Un mouvement soutenu par certains politiques

L'exécutif n'a cessé de mettre en garde contre la récupération politique de ce mouvement de protestation qui se veut apolitique et asyndical. Mais plusieurs représentants politiques ont apporté leur soutien.

Laurent Wauquiez, le chef de LR, a participé à une manifestation au Puy-en-Velay: il a appelé Macron à comprendre et "corriger ses erreurs". "Ce qui se passe est injuste", a-t-il déclaré.


Des élus du Rassemblement national étaient également présents aux côtés des "gilets jaunes", mais pas Marine Le Pen.

"Je souhaite que cette mobilisation permette une prise de conscience et que le gouvernement entende ce que les Français ont à lui dire", a déclaré sur franceinfo Olivier Faure, premier secrétaire du PS.

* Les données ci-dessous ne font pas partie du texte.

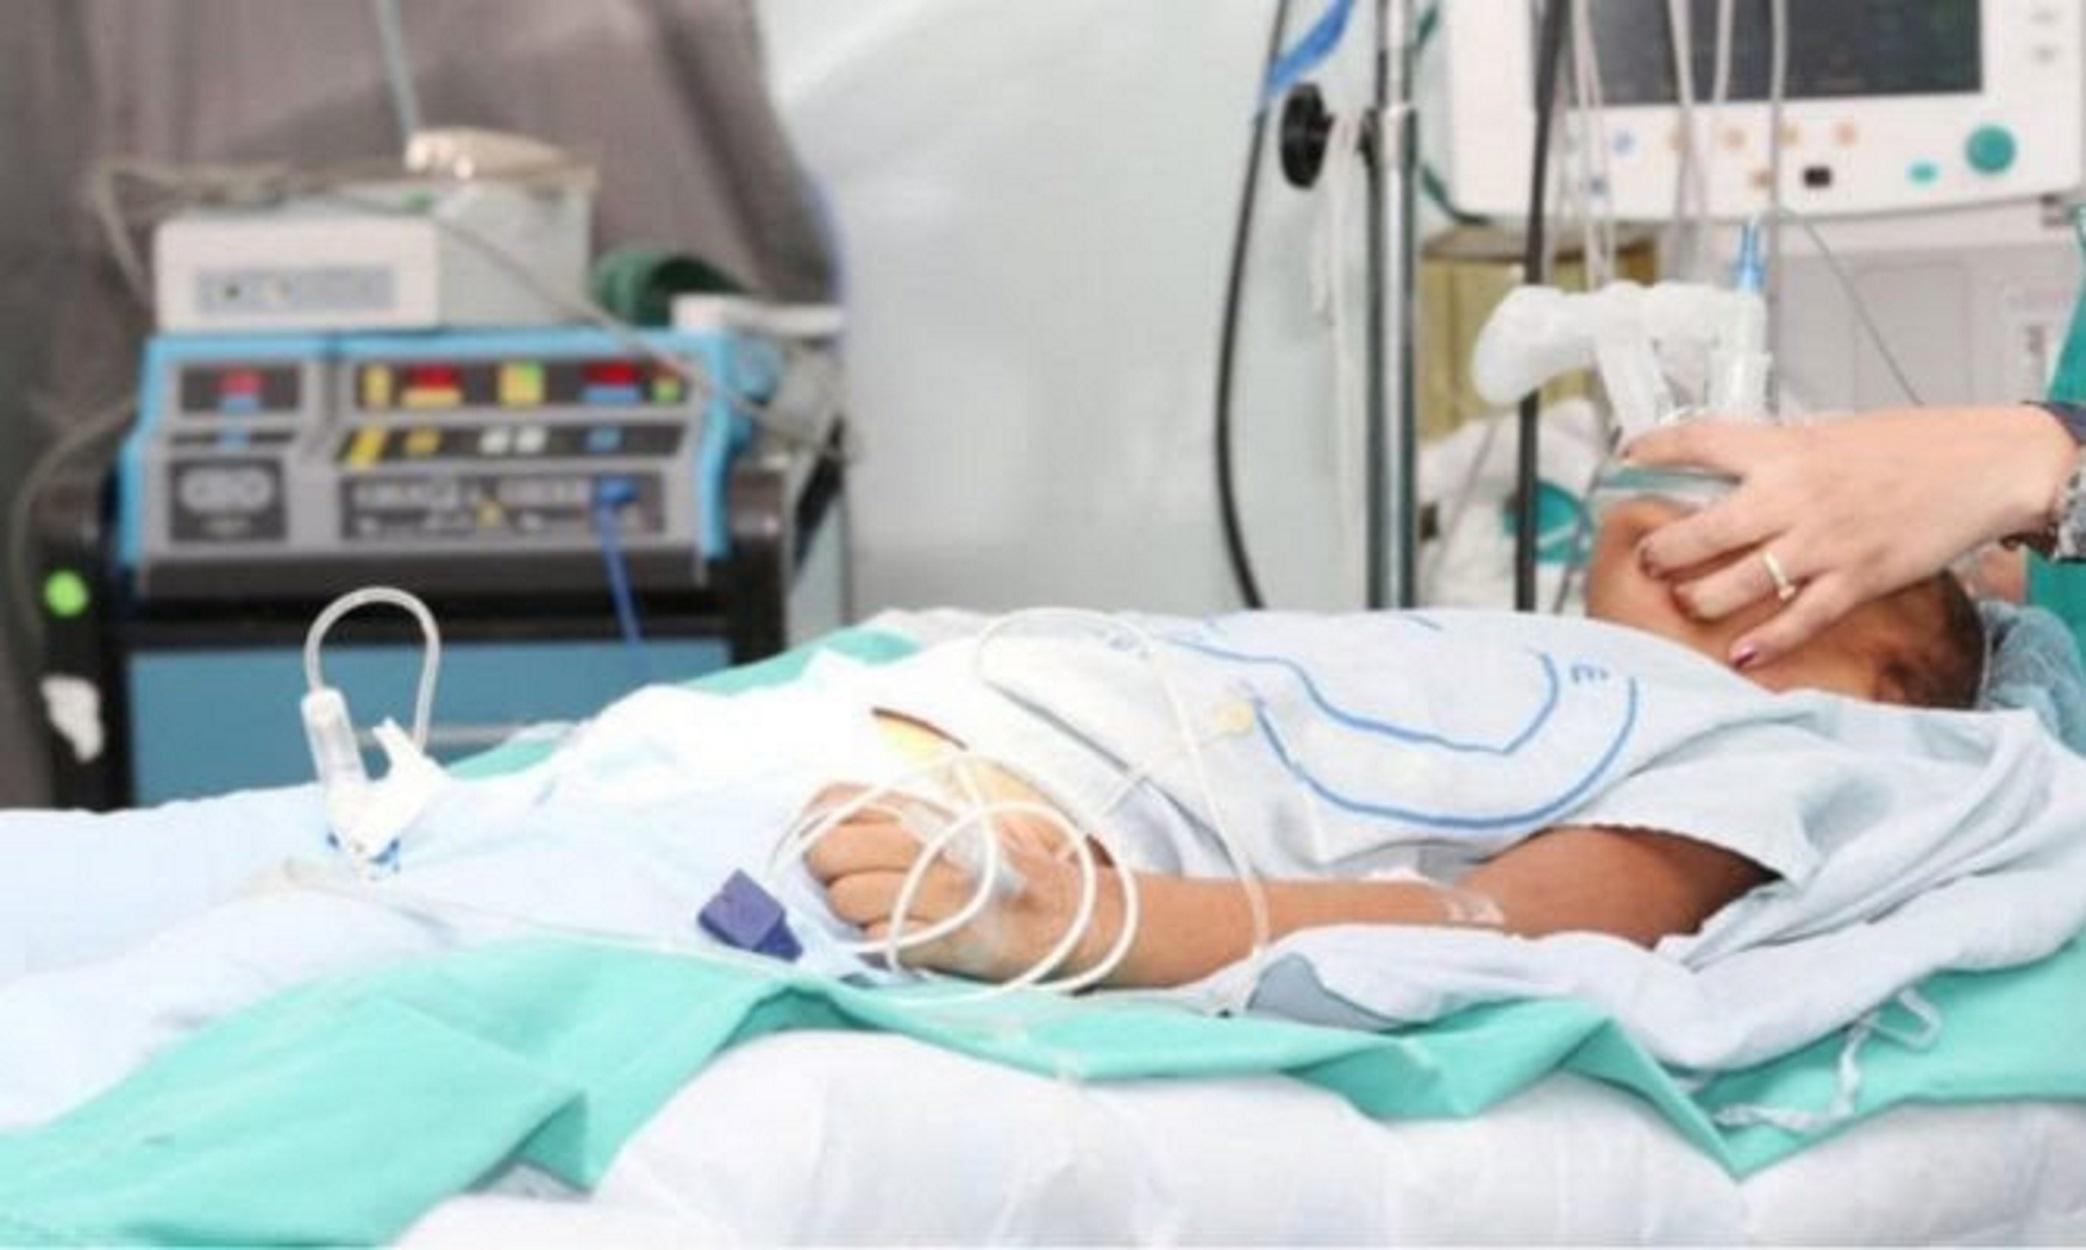 Αεροδιακομιδή στο Ηράκλειο για 47χρονο με γρίπη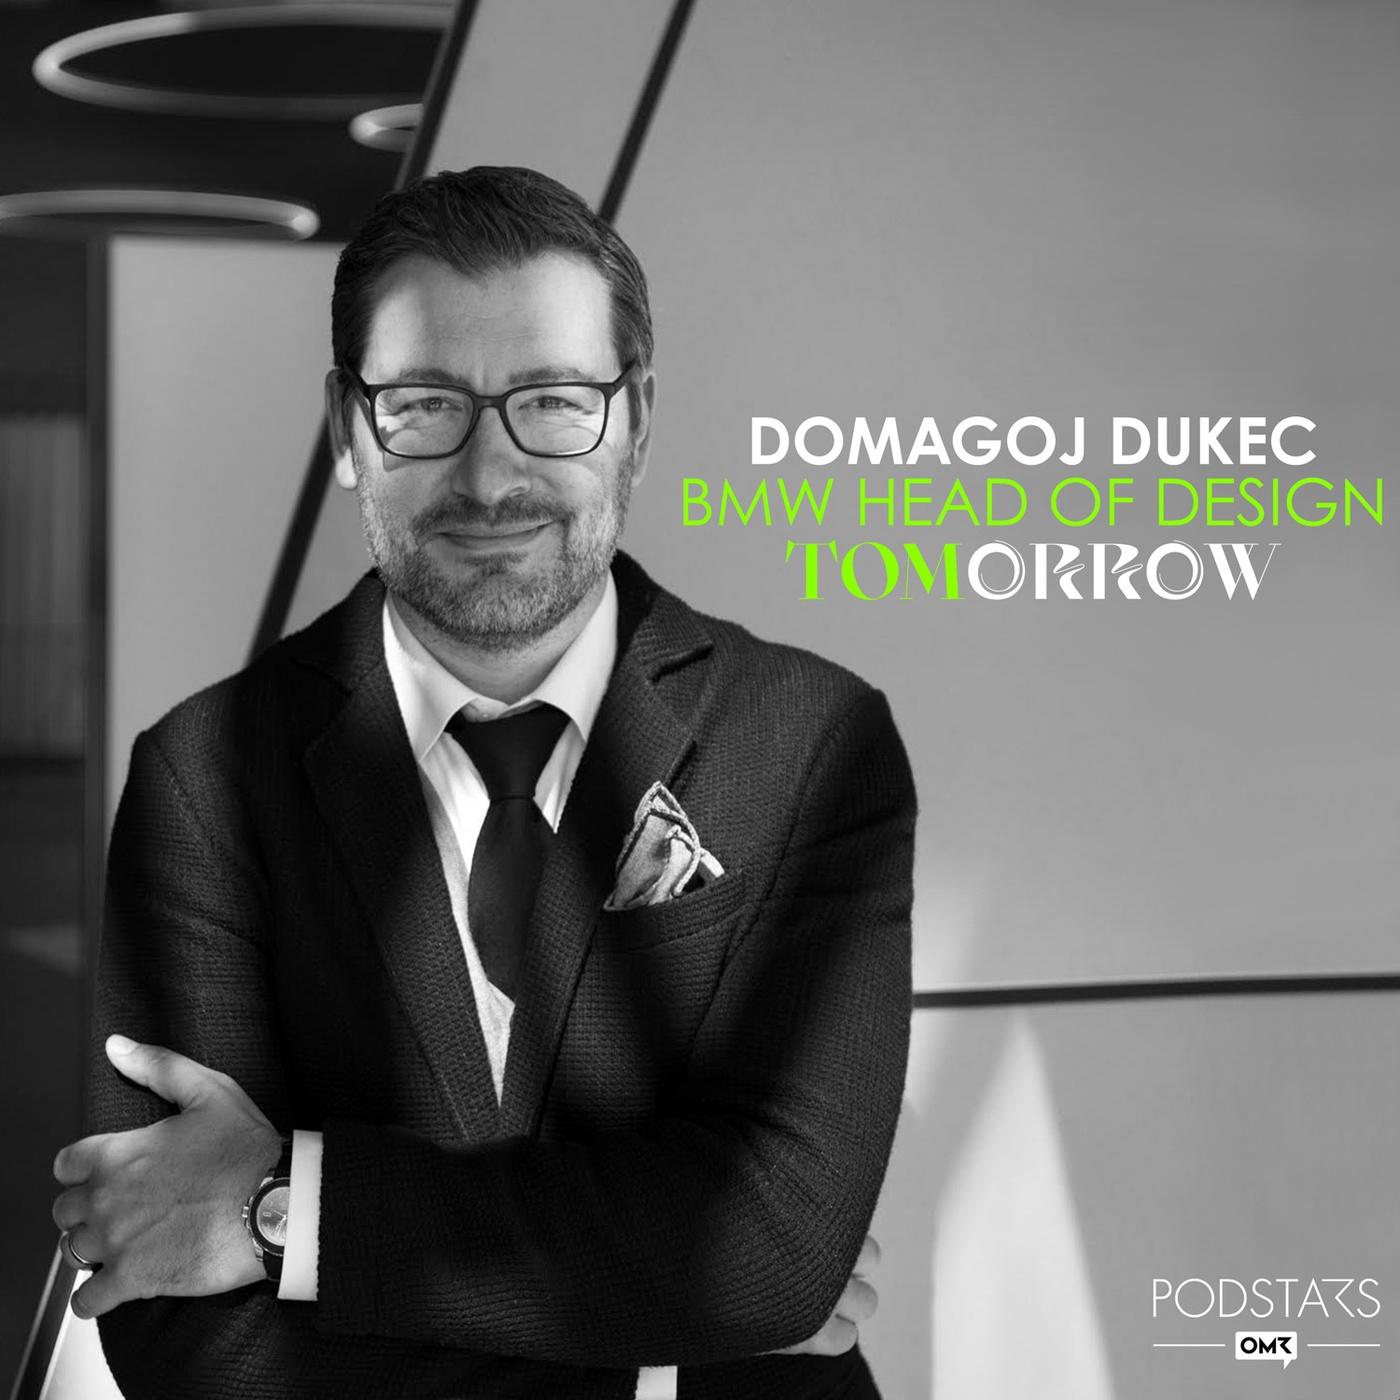 Das nachhaltigste Auto der Welt – mit Domagoj Dukec, Head of Design BMW

Des Insoumis participaient aussi aux manifestations. Leur leader Jean-Luc Mélenchon a critiqué sur Twitter une "manipulation des chiffres de participation" et une "dramatisation" de la part du gouvernement.

A l'initiative de cette grogne, des membres de la société civile se sont mobilisés contre la hausse du prix des carburants avant que les motifs de grief ne s'élargissent à une dénonciation plus globale de la politique du gouvernement en matière de taxation et à la baisse du pouvoir d'achat.

Au 1er janvier 2019, les taxes sur le gazole doivent augmenter de 6,5 centimes d'euro par litre et celles sur l'essence de 2,9 centimes.